Everything you said makes complete sense. And, IMO your rates are in what I would call the sweet spot. Not too cheap and not overly expensive. And I agree, a client should pay what they want, even if it's an absurb amount. Though, there is a point where I don't necessarily get it. And, I'm not talking about those charging a little more than what I feel comfortable paying. But when I see $1500 or more for 1 hour, I can't help but wonder what does she have going on that someone half her pirce, which isn't necessarily cheap, doesn't?
attractiveness has been severely overvalued by a lot of providers which leads to rates that exceed what a man is willing to pay. The attractiveness matters up to point but once you're an 8+ the thing that gets you to top dollar is the experience you curate, and for each person the experience required is different. Will be interesting to see what other guys have to say on the subject though.

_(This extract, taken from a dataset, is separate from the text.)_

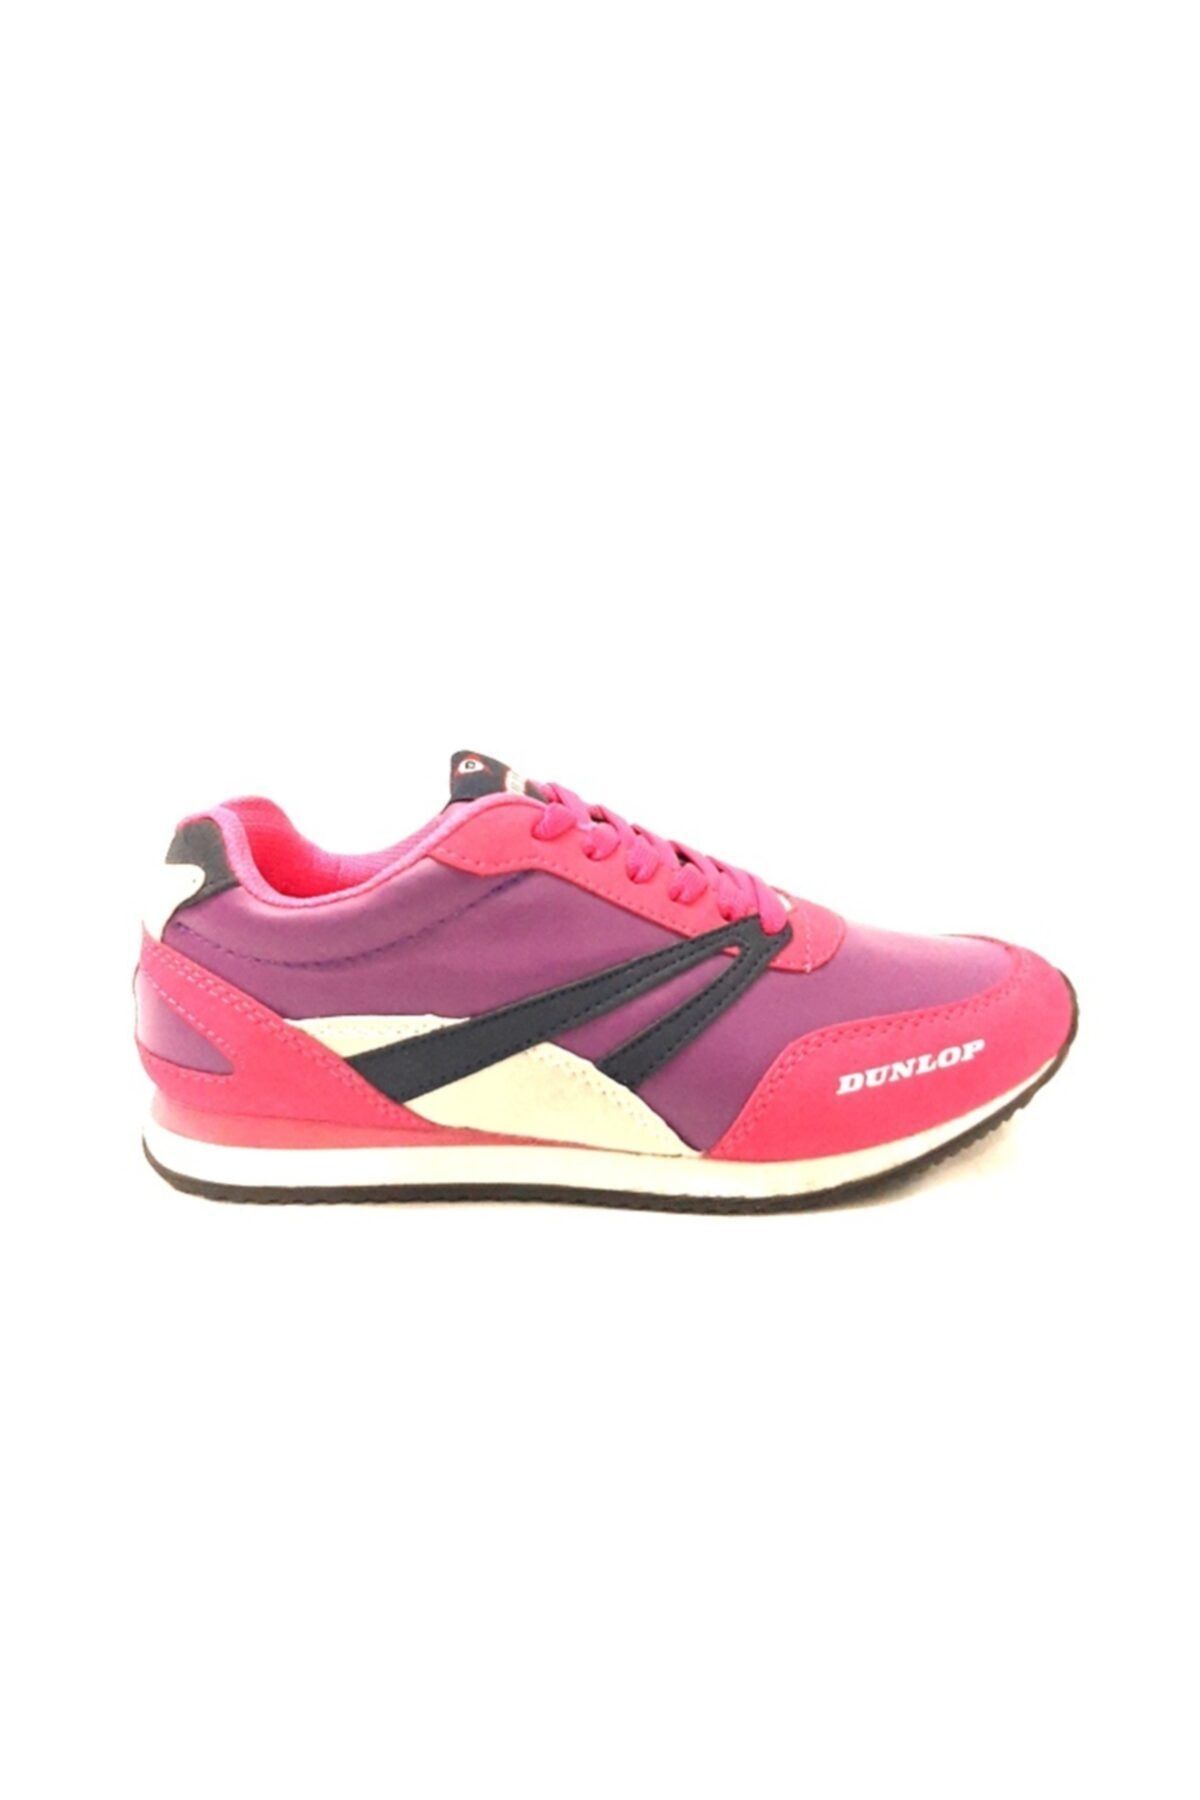 Dunlop Çoklu Renk Kadın Spor Ayakkabı

TBH, how much I spend is part of the experience for me. If I spend less and the experience is okay, I may be completely fine with it being just okay. But if I spend on the higher end, and the experience is just okay, I actually feel more let down. While the expereince in this case may be the same, knowing I just spent my monthly budget on one lady and came away not feeling she delivered leaves me feeling a little more empty.
because there is nothing a $1000/hr provider can do that a $600/hr provider can't do, as you move up incrementally, the additional rate reflects nothing more than the provider's own assessment of her physical appearance. If her body is flawless and her face is DDG, many men who have not ever had the experience of sex with a gorgeous woman like this will happily pay the difference for their fantasy. What many don't consider is that, since the provider herself is one assessing her own beauty, as you say, sometimes you are paying for a Mercedes, but you end up riding in a Buick, still a nice ride, but not in the same league for what you are paying.

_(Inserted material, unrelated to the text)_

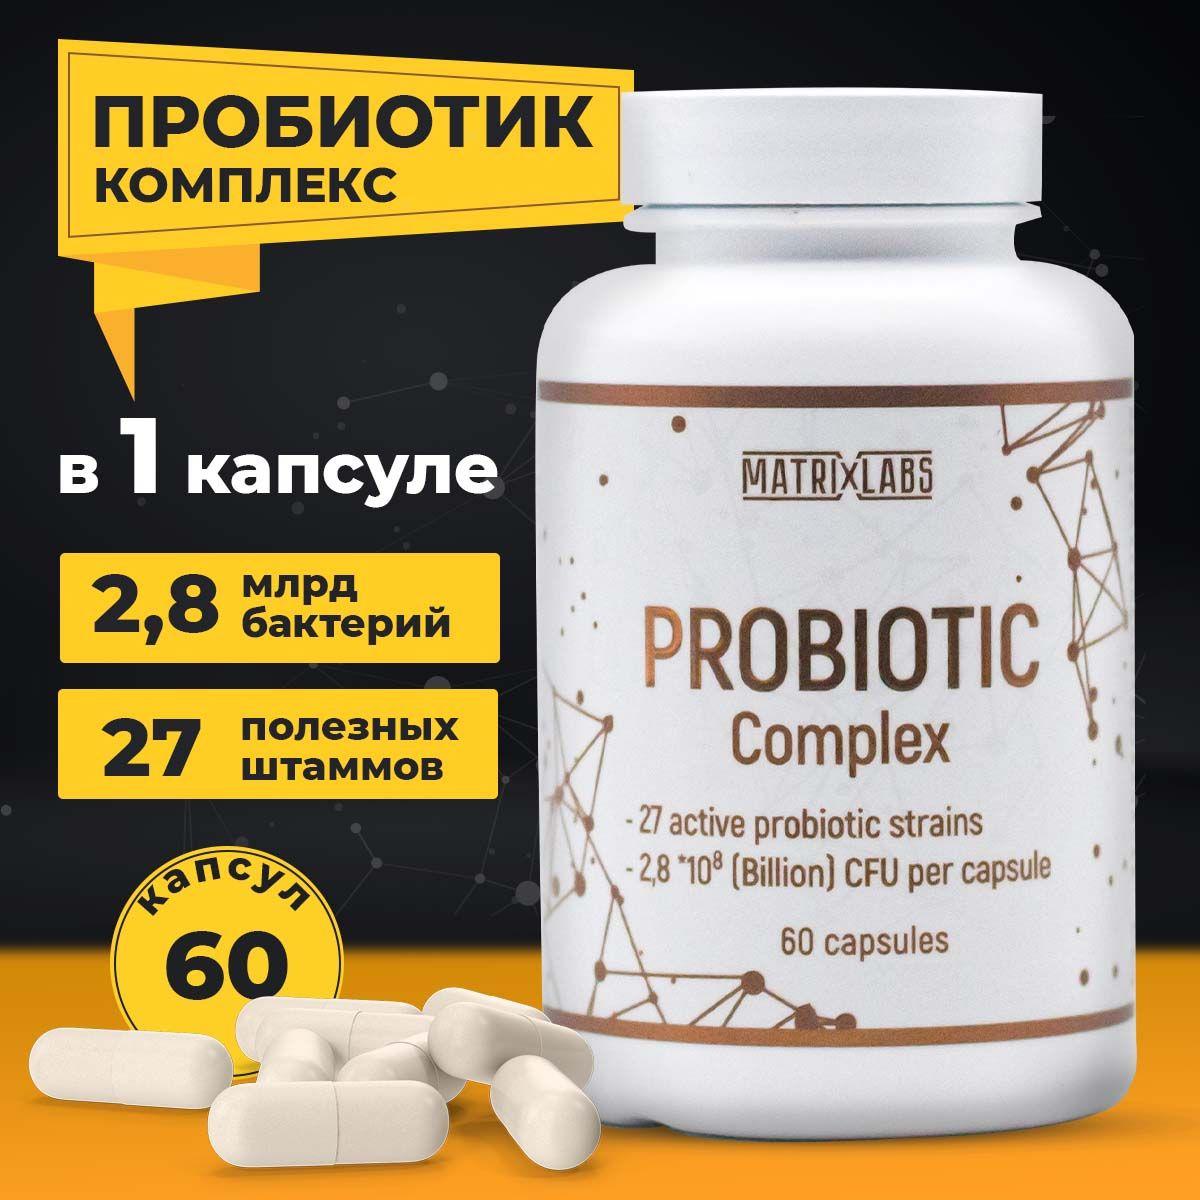 Пробиотики и пребиотики, комплекс, 60 капсул, Пробиофул, Matrix Labs, для нормализации работы пищеварения

The other common problem with the $1000/hr club is that they are often full of themselves and come with attitude, and nothing can kill a fantasy session faster. These days, unless it's a celebration like my birthday or landing a big deal at work, I won't pay more than $500-600, but most often I book two hours. It's a much better use of a thousand dollars, IMO.

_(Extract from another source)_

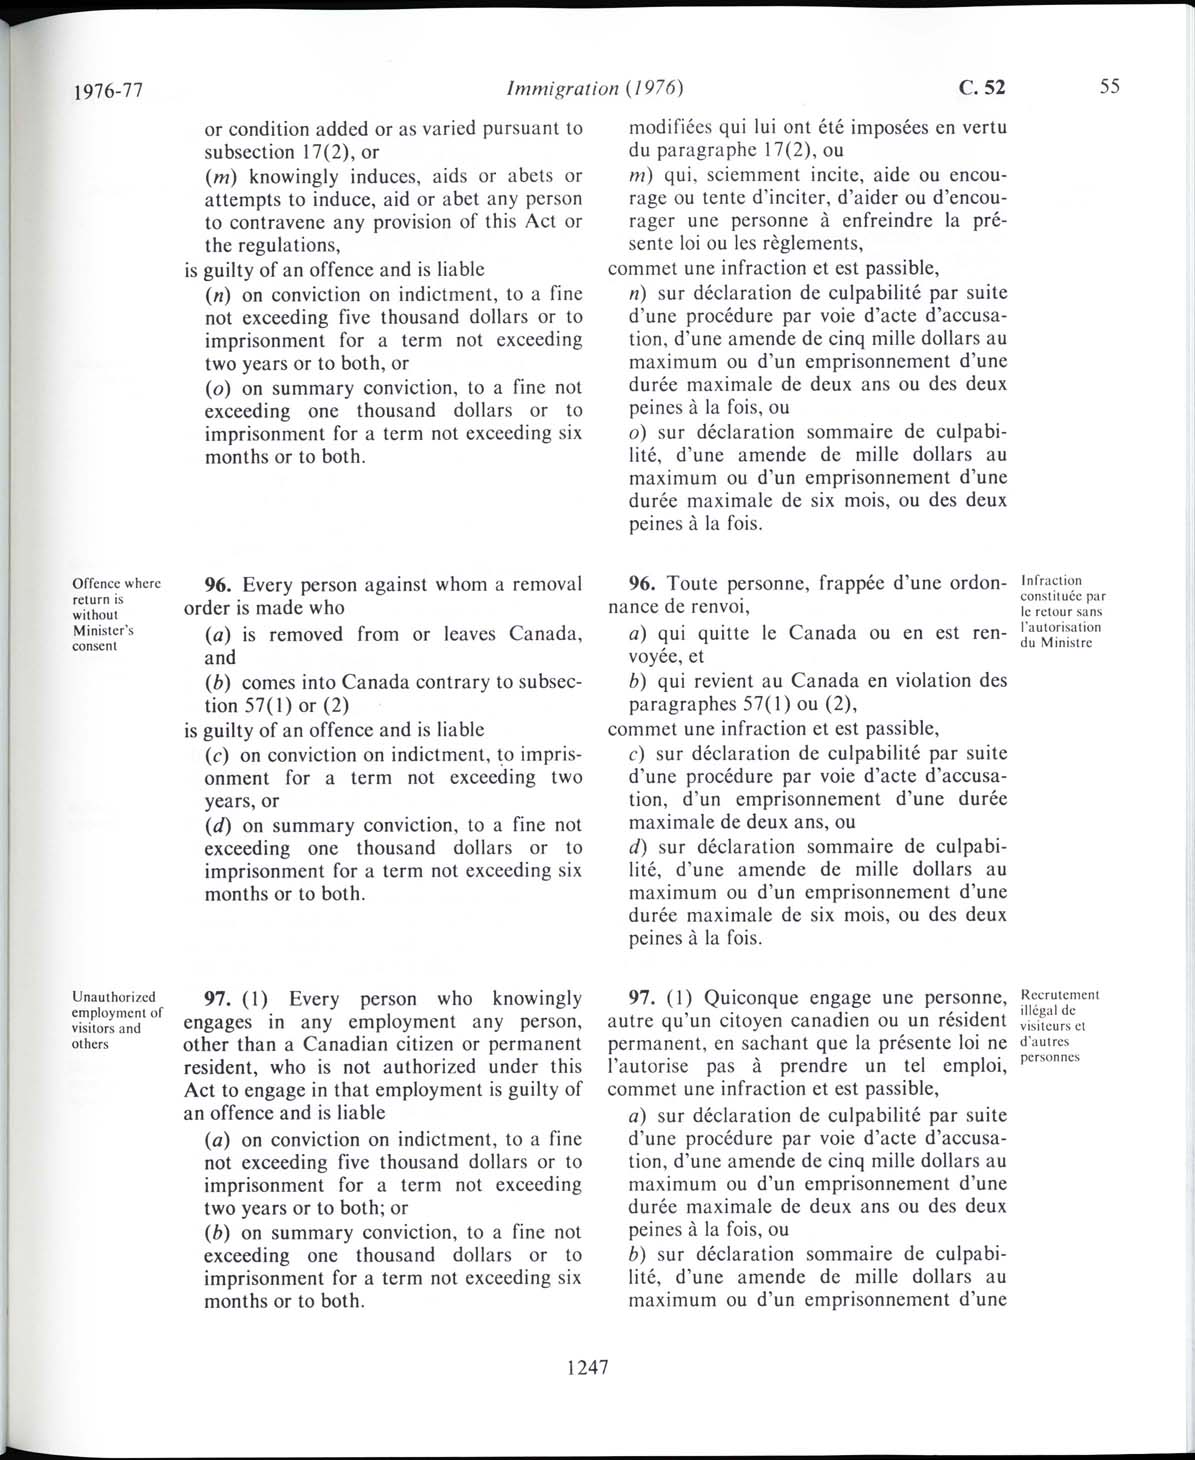 Page 1247 Loi sur l’immigration de 1976

Say it straight CDL, if you're shelling out a grand, her head game is going to be trash, and she'll probably get lippy about it taking too long. At that point, might as well be married, that way you can teach her a trick or two and maybe come home to a hot meal once in awhile. Sure that's bound to cost you more than a grand in the longrun, the cost/benefit is still rather favorable if you manage yourself well.
Also have you been in a new Mercedes lately? They've suffered from the same thing every other car has suffered from, a fall from grace if you will, where everything is lighter/cheaper/more complicated, it's really quite sad. Makes me long for a well appointed Lincoln towncar, sure it was never flashy or exciting, but it was at least quiet and comfortable, this Nu-Lux that the modern world (read: the EPA) has granted us is trash, and you may as well buy an Accord at this point.
and it's nice to see you posting again, Sauce.
Well, I have found that there can be a difference, but it isn't always a difference. If we are talking about looks, at some point that peaks and it's not necessarily going to be the most expensive lady. I have seen gorgeous ladies at a reasonable rate. But looks is just one factor. Chemestry is another factor that matters to many. And as hot as she may be, and as sweet as she may be, if there is a language barrior, this one might be harder for her, which applies to a lot of providers, be it kgirls, European, or Brazlians, to name a few. And, I have found varying talents. Try as they might, not all of them kiss as well. Maybe they don't cuddle afterwards. Maybe their touch is not as soft. Some have little tricks that may turn you on that others do not. For example, I was with one provider who showered with me, and would rub her bare pussy on my soapy dick. This was by no means a bare service and we were safe, but this was a huge turn on. And, I am not saying these matter to everyone. But for some, there are things that matter that not all women do, or do well. Does this mean this always comes with the higher price? Absolutely not. But perhaps some of these things that matter would more jusifty a reason to charge more, than say just looks alone.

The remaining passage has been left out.